4. On his own admission Capt. Foley furnished Mrs. Lansdowne with a statement.’ And the crux of that statement, as Capt. Foley himself had reconstructed it, was that Mrs. Lansdowne no longer wished to testify and preferred to leave everything to Capt. Foley and his court.
“ Capt. Foley, technical aide to Secretary Wilbur, had undertaken to do a little fixing.
That is the Lansdowne story as it is written in the record. What it shows is, first, that the bureaucrats of the Navy Department seeking to make propaganda for dirigibles by taking advantage of State fairs, play politics with the Shenandoah. Disaster overtakes them. Then the Secretary of the Navy either tries to hide the facts or shows he does not know them.
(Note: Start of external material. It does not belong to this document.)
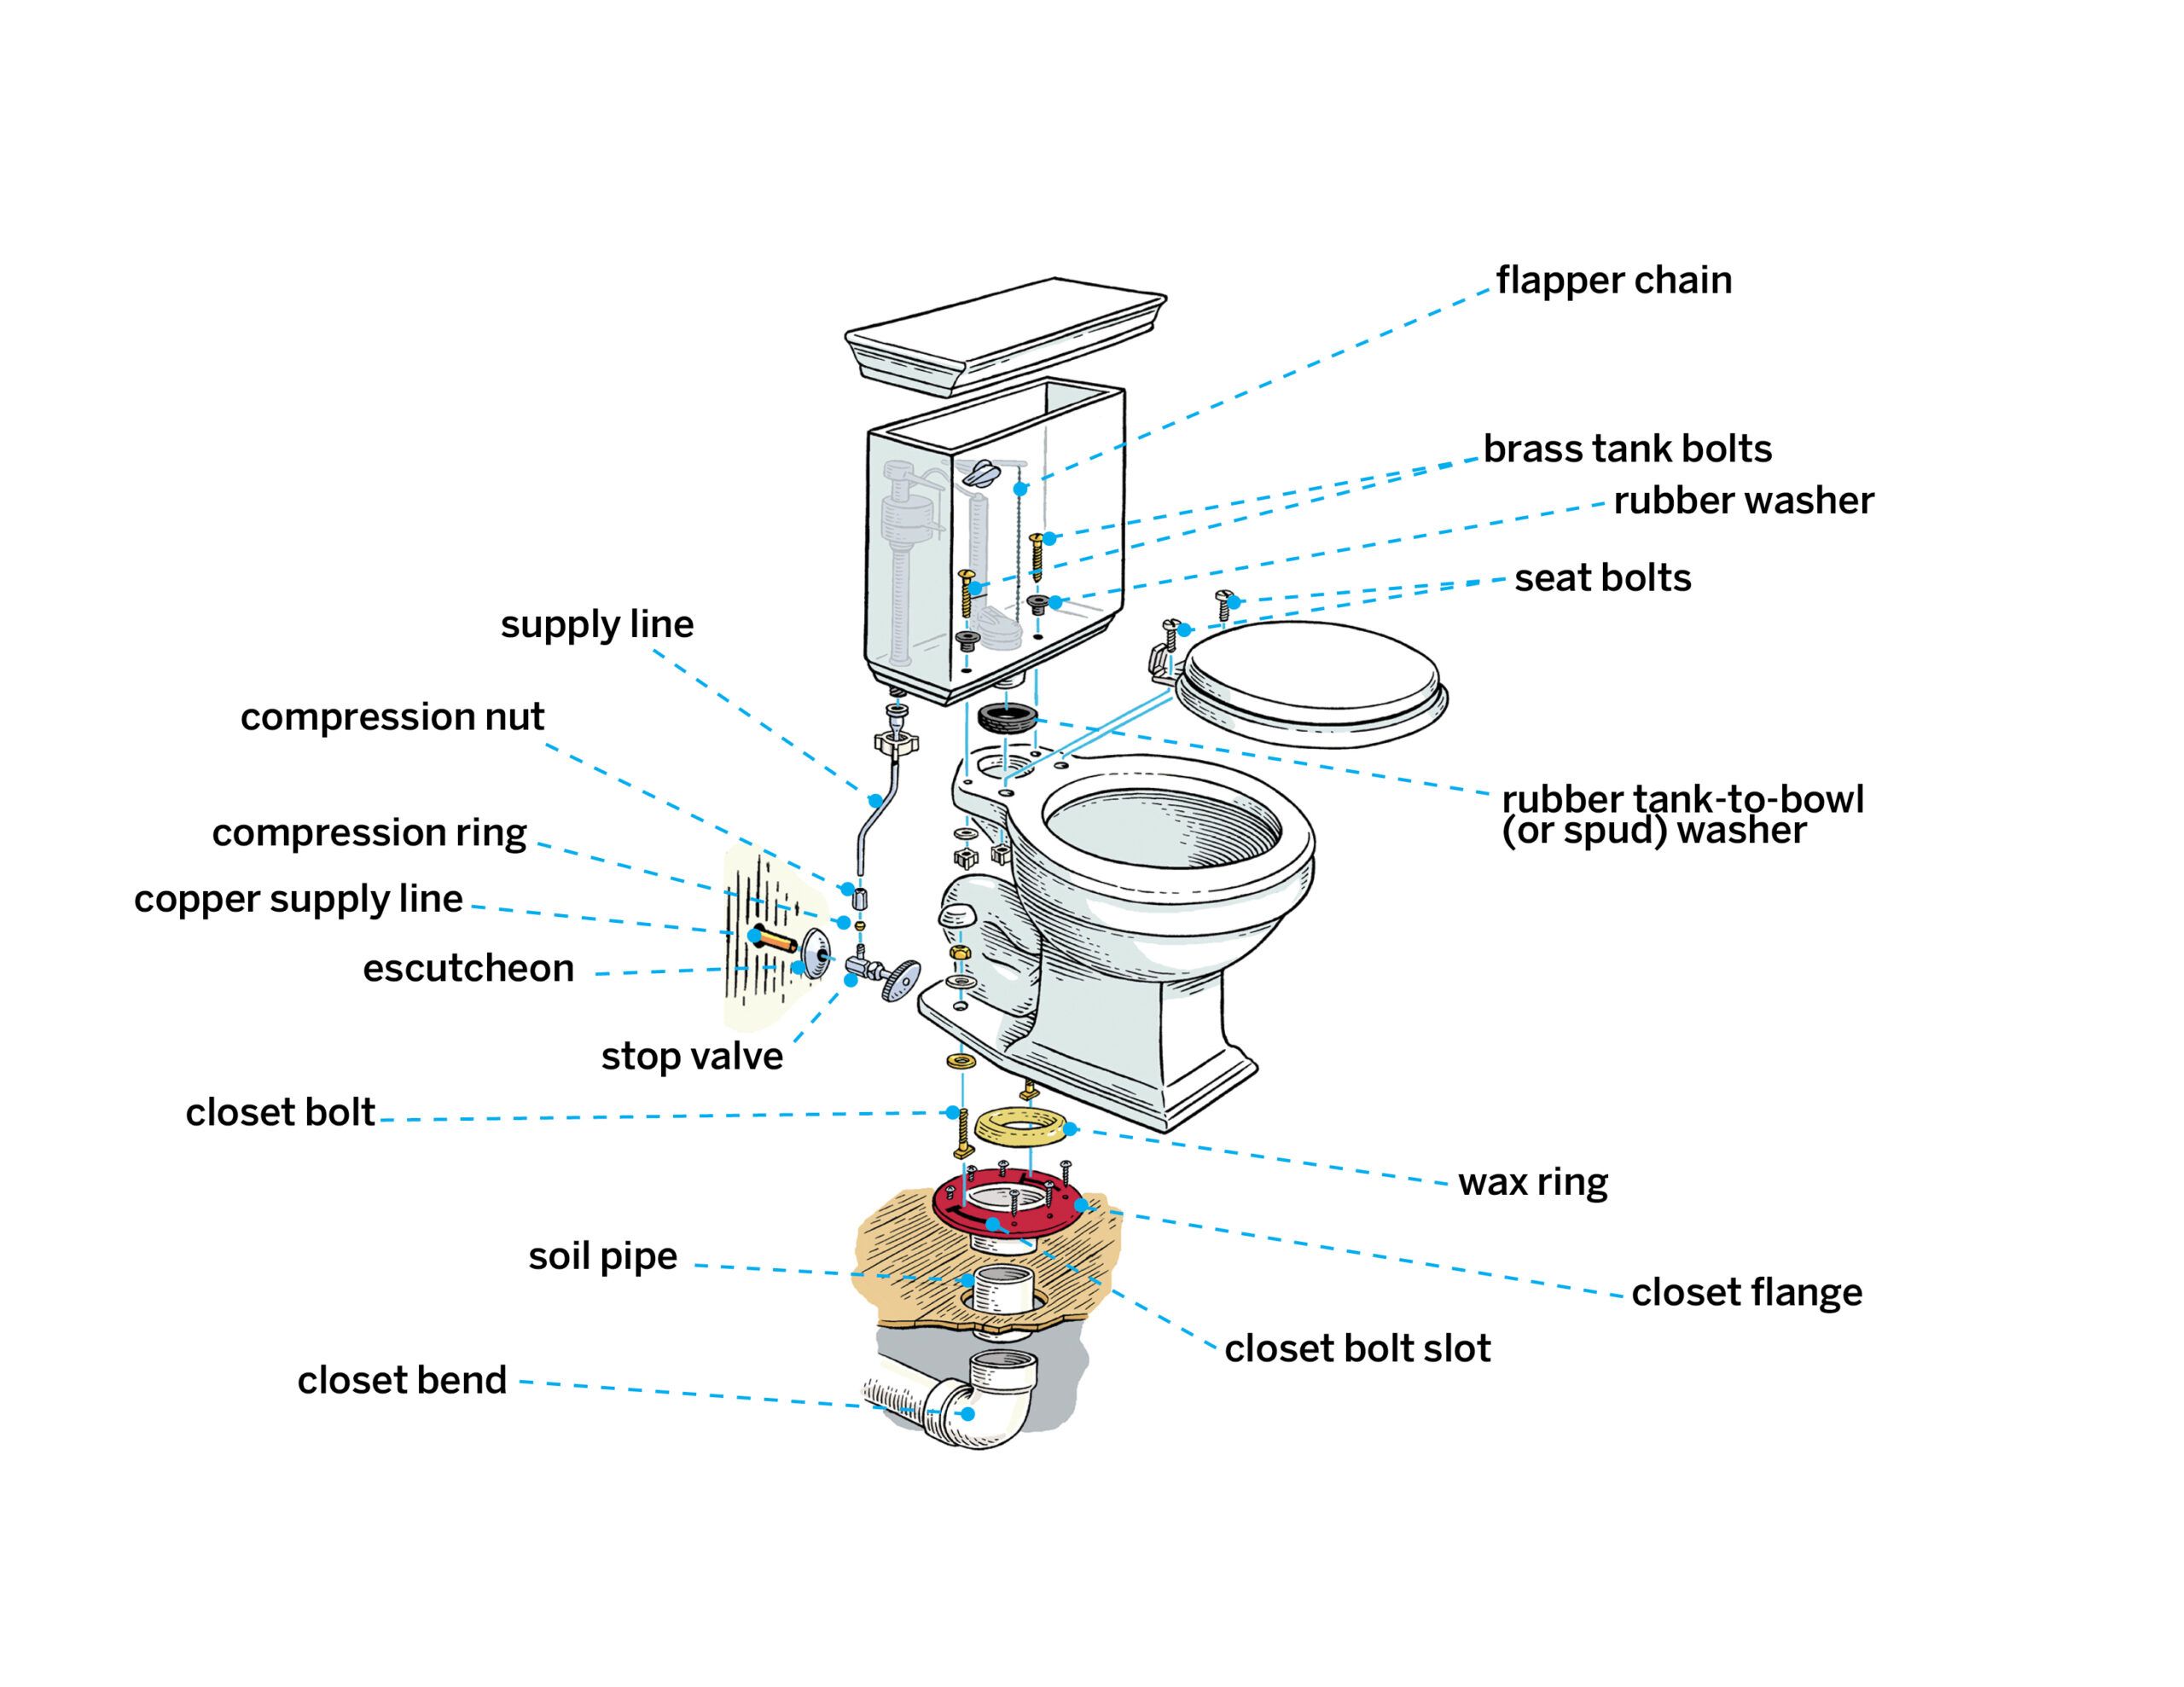 I. Introduction to Installing/Replacing a Toilet Tank

Then the facts come out. Then the widow of a dead naval officer intends to tell her story much too publicly, and an attempt is made to hush her up.
How much longer, may we ask, does the President of the United States intend to wreck public confidence in the Navy Department by retaining at the department’s head a man who first lies or blunders, then makes no apology for the blunder or the lie, and then permits his aides-de-camp to rig testimony for important witnesses?
“ This whole affair, from the first statement of Mr. Wilbur on Sept. 3 to the present bullyragging tactics of more Navy Department bureaucrats who constitute a court of inquiry and seem to think it is their duty not to get at facts but to catch Mrs.